Directed by: Dan Gilroy
Premise: A legally brilliant but socially awkward attorney (Denzel Washington) does the background work for a social justice law firm. When the firm’s lead attorney dies suddenly, Israel must take his place and he becomes frustrated with the legal system.
What Works: There are a few interesting visuals in Roman J. Israel, Esq. The film contrasts the way in which the legal system works for people with money and doesn’t for those who don’t. That is reinforced in the visual style of the movie which changes as the title character climbs the social ladder.

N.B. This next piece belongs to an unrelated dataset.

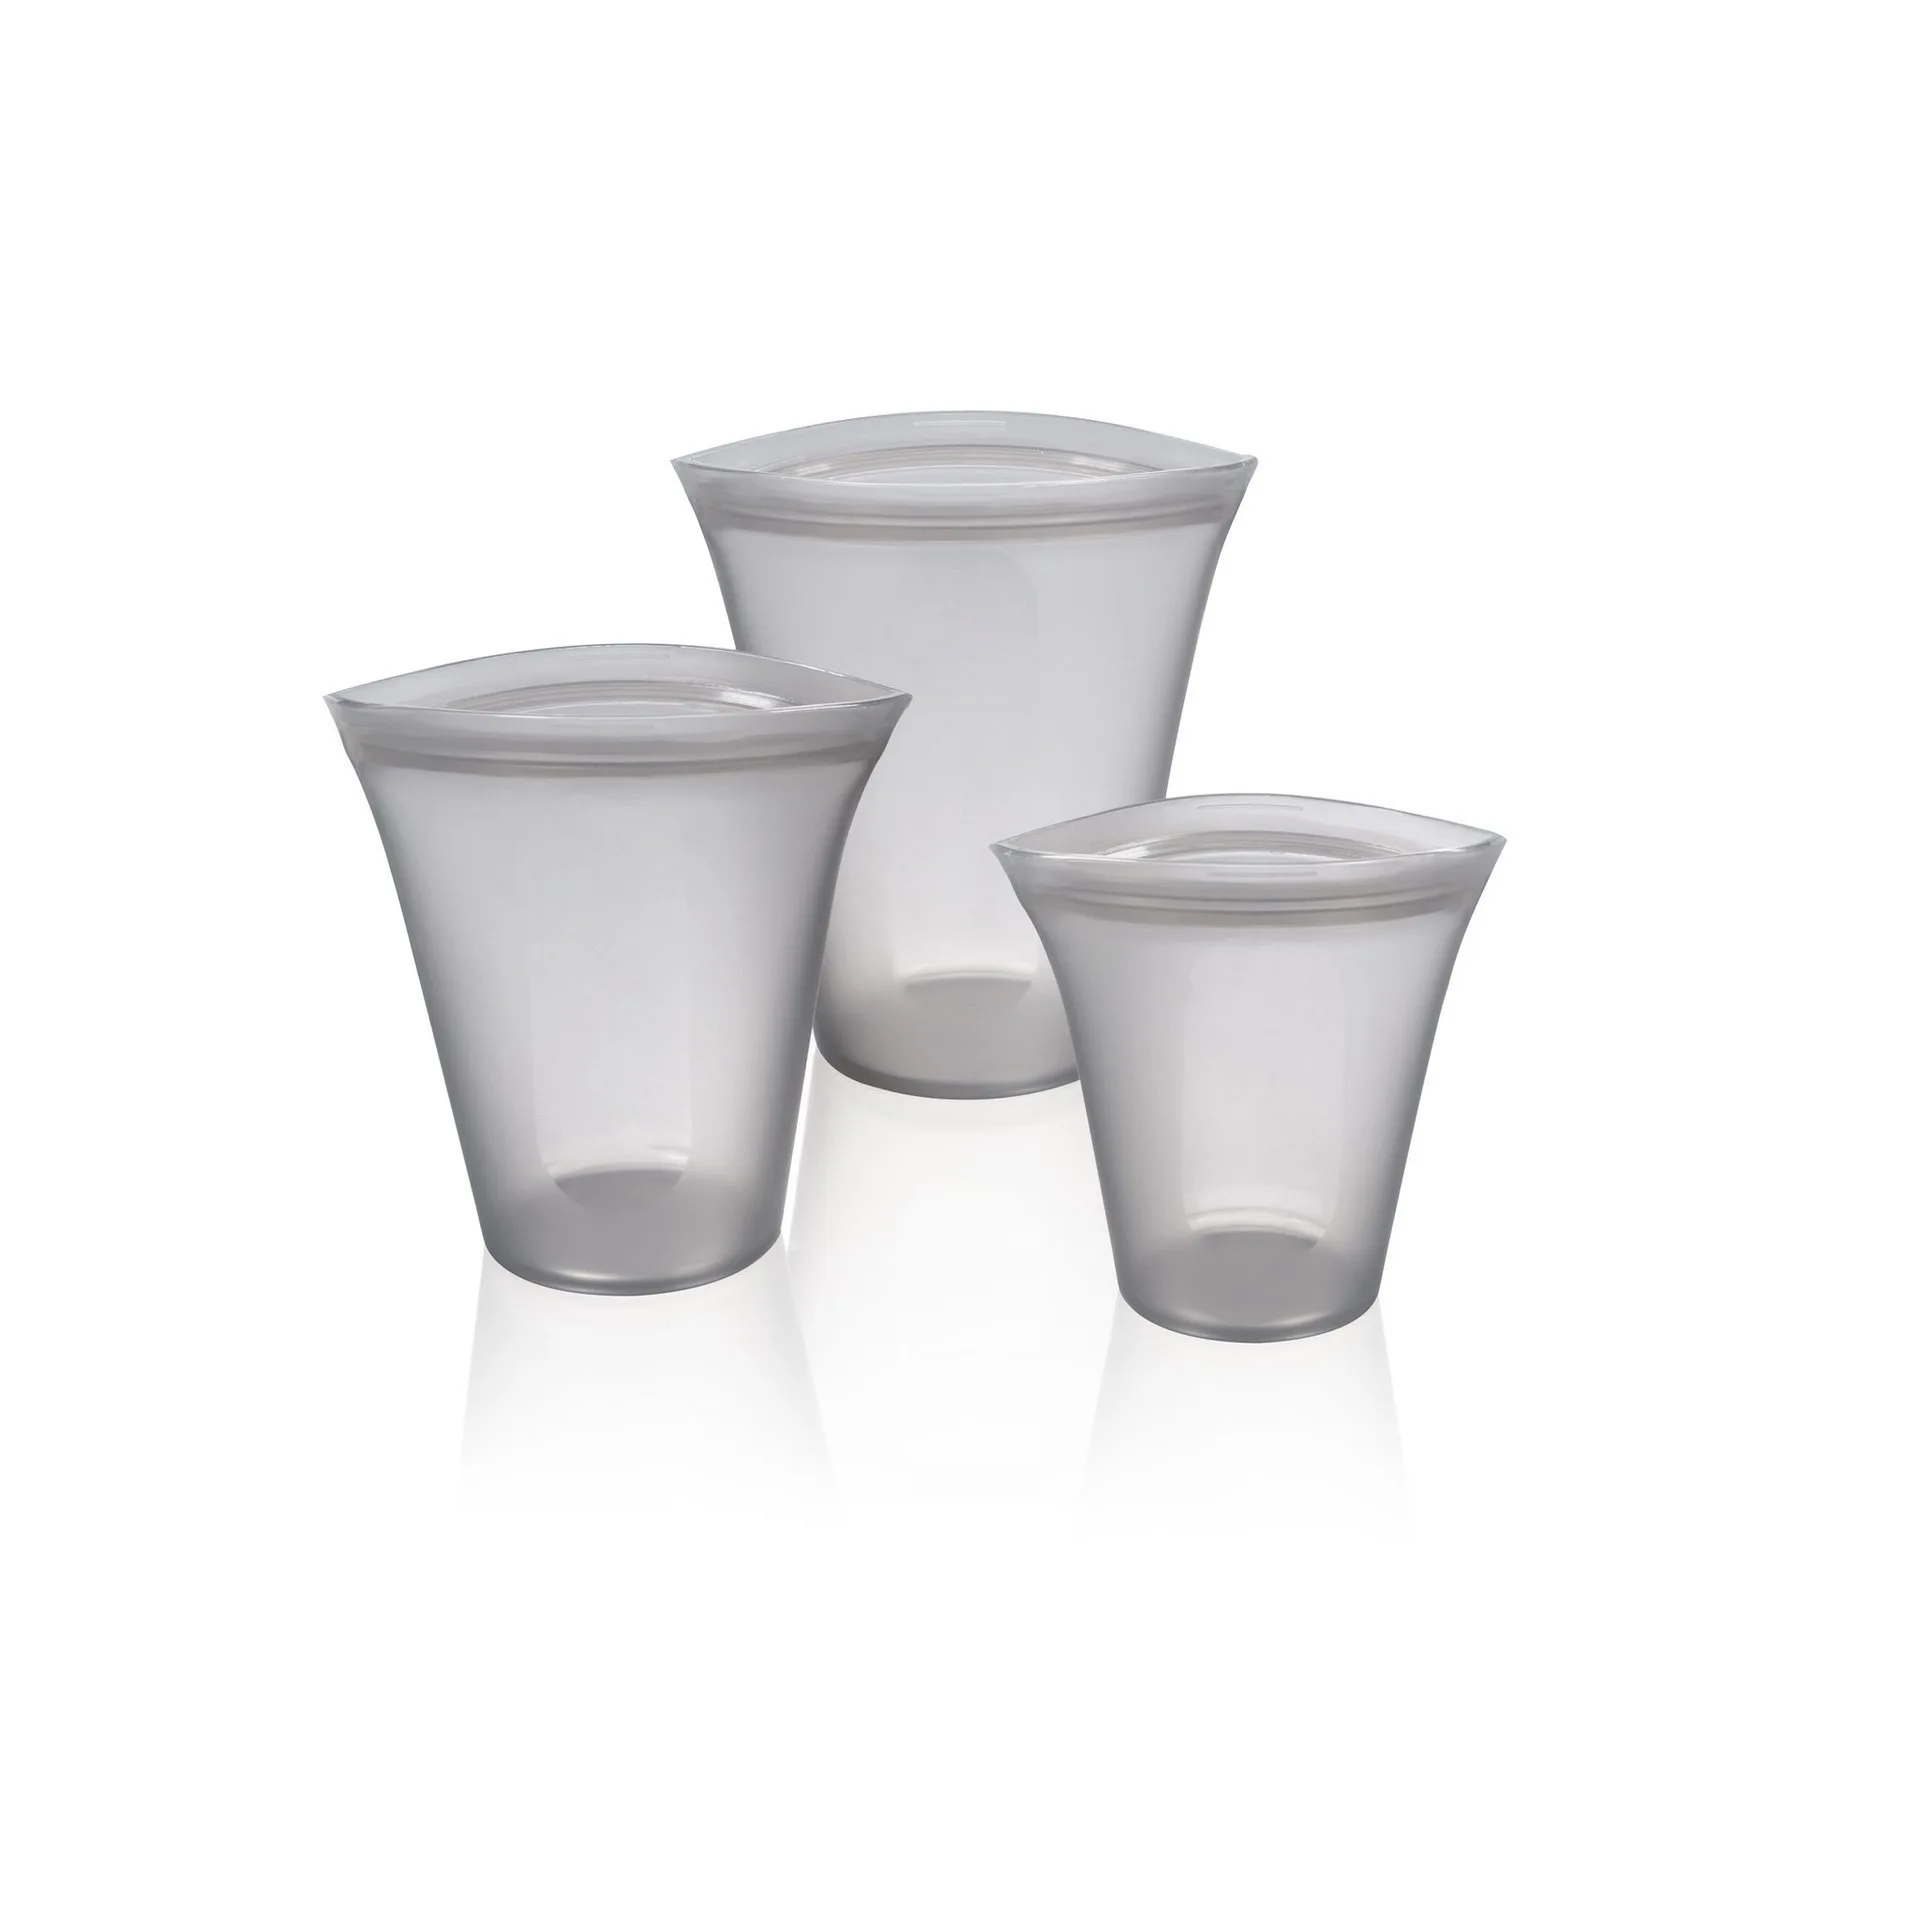 3 шт. 3 типа силиконовые герметичные контейнеры с замком-молнией для кухонного хранения, многоразовые оригинальные силиконовые чаши для хранения еды, чашки, сумки, набор - Цвет: 3 PCS Cups

What Doesn’t: Roman J. Israel, Esq. wants to be a message film about the way the legal system is rigged against those who cannot afford quality representation. That’s an admirable cause but it gets lost in the rest of the story. This is primarily the tale of a man seduced by money but his corruption is divorced from the cause of the movie. The title character of Roman J. Israel, Esq. is a legal savant who doesn’t have the social skills necessary to be a good courtroom attorney. His corruption has little to do with his idealism. Israel gets frustrated with his lack of money and the precariousness of his life and so he sells out a client for a financial reward. For a guy who is supposed to be brilliant, Israel makes a lot of stupid mistakes and his choices are inconsistent with a man who is supposedly committed to civil rights. There is a difference between complex characters, who sometimes betray their ideals, and sloppy storytelling. Roman J. Israel, Esq. tends toward the latter. The plot feels like patchwork; scenes are disconnected from each other and the movie doesn’t build toward its ending. The critique of the justice system gets lost in the narrative detours and when the story finally comes back around to it, the topic feels tagged on. The filmmakers don’t demonstrate Israel’s legal skill; we’re told that he’s very knowledgeable but the story never shows that knowledge put to use. Roman J. Israel, Esq. is intended as a character study but he remains a distant and unknowable character. We’re given a lot of awkwardness and personality ticks but few moments define who this man is or what motivates him. Part of the problem is the miscasting of Denzel Washington in the lead role. There is a difference between a movie star and an actor; Washington is the former. He doesn’t have a tremendous amount of range and this character is very different from the kinds of roles Washington usually plays. His confident and charming persona is out of place in Roman J. Israel, Esq. and Washington frequently slips out of character.
Bottom Line: Roman J. Israel, Esq. is a disappointment. There are pieces of an interesting and provocative story here but they never come together. The movie is a mess and Denzel Washington is miscast in the title role.